Matteo Tambone 7: il play romano ritroverà l’ex-compagno Larson ai tempi di Varese e questo potrebbe cambiare il suo modo di giocare. Buona sintonia con Sanford nel giostrarsi il gioco offensivo, in difesa così così su Logan.

Gora Camara 6: così come per Drell viene difficile capire il ruolo all’interno del collettivo biancorosso. La prima uscita stagionale dell’ex-casalese è una passerella.

Simone Zanotti 6: già anche solo confermare le cifre dell’anno scorso sarebbe un successo, eppure oggi il suo contributo rimane importante.
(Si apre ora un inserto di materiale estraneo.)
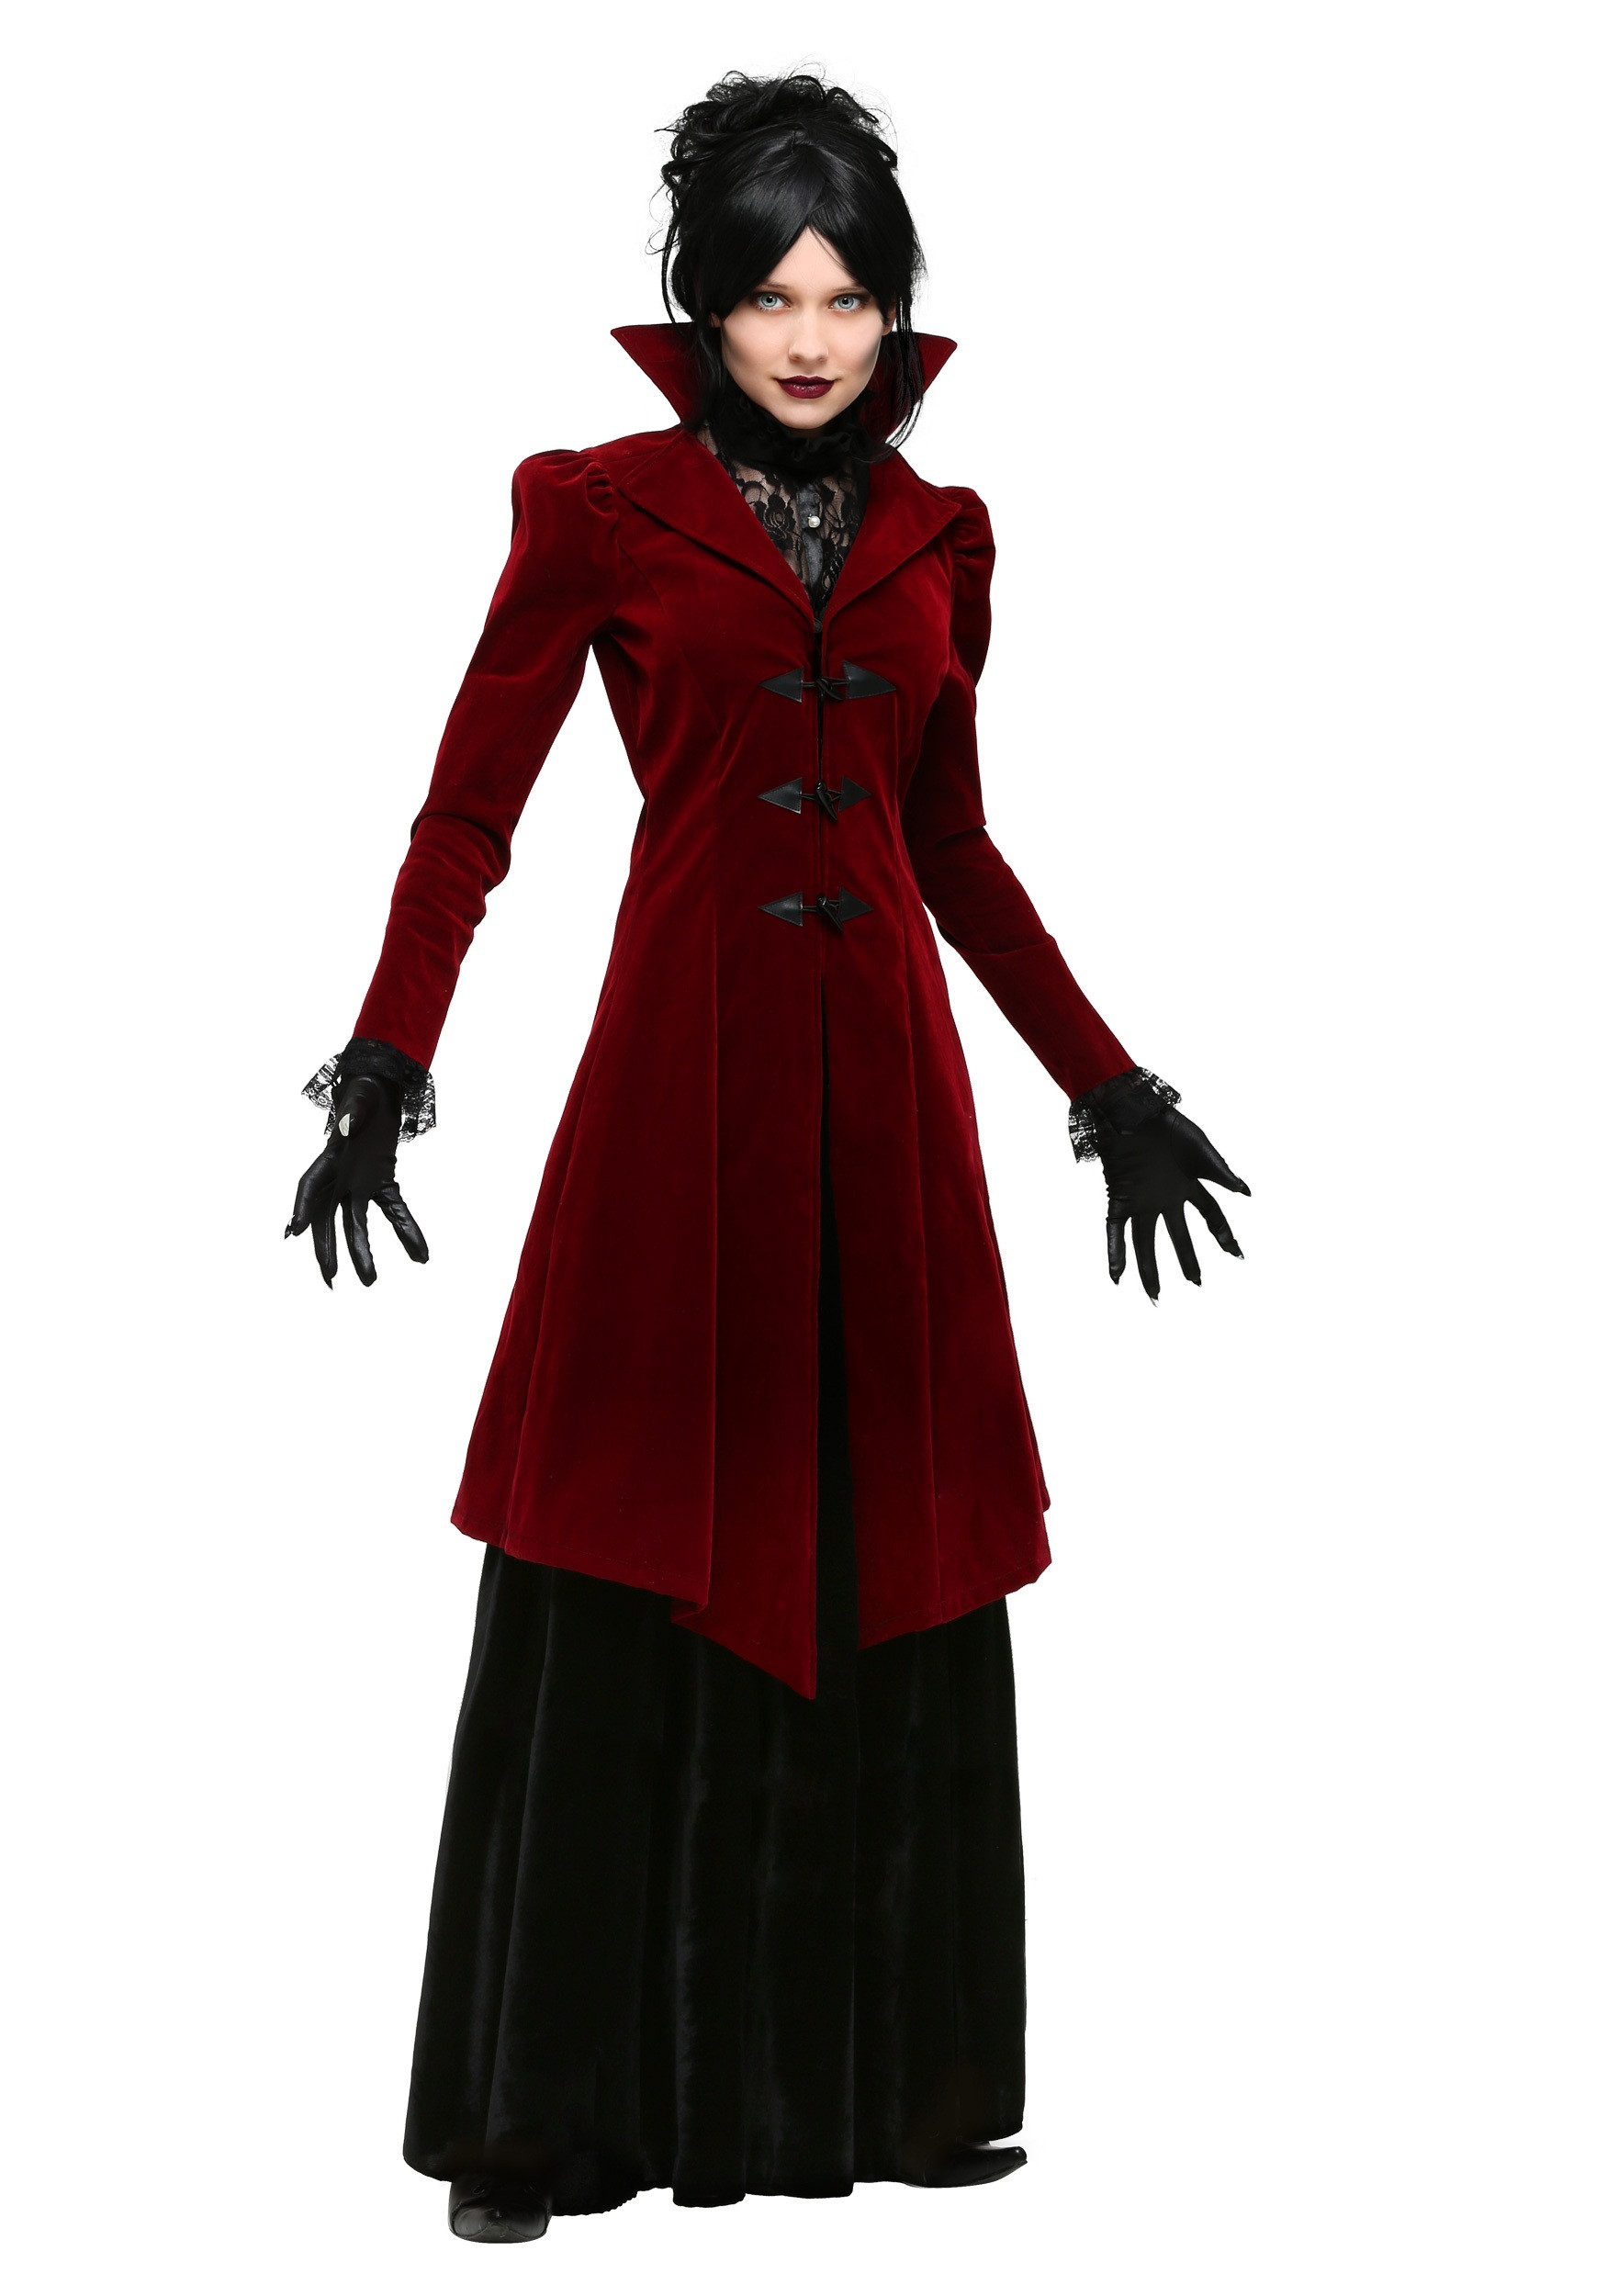 Halloween Costume For Women Ideas
 Delightfully Dreadful Vampiress Costume for Women

Soffre dannatamente Mekowulu, in attacco viaggia col contagocce.

Vincent Sanford 7.5: è lo scorer che ti aspetti pur essendo un giocatore diverso da Robinson. Non ottimale la gestione dell’ultimo possesso quando non costruisce e si trova costretto a forzare malamente.

Leonardo Demetrio 6: decisamente rivedibile in difesa su Bendzius che fa il bello e il cattivo tempo. In attacco giostra davvero pochi palloni non riuscendosi mai a trovare pronto se non in contropiede.

Carlos Delfino 6.5: bella sfida a distanza con l’altro veterano di Sassari Logan. Le difese concedono sempre meno ma l’argentino trova comunque il modo di ferire. In difesa però comincia a lasciare qualche buco.

Tyrique Jones 7: il testa-a-testa con Mekowulu è di quelli importanti, con il rivale che ha il vantaggio di un’anno di esperienza. Se saprà applicarsi potrà crescere molto, in attacco come in difesa.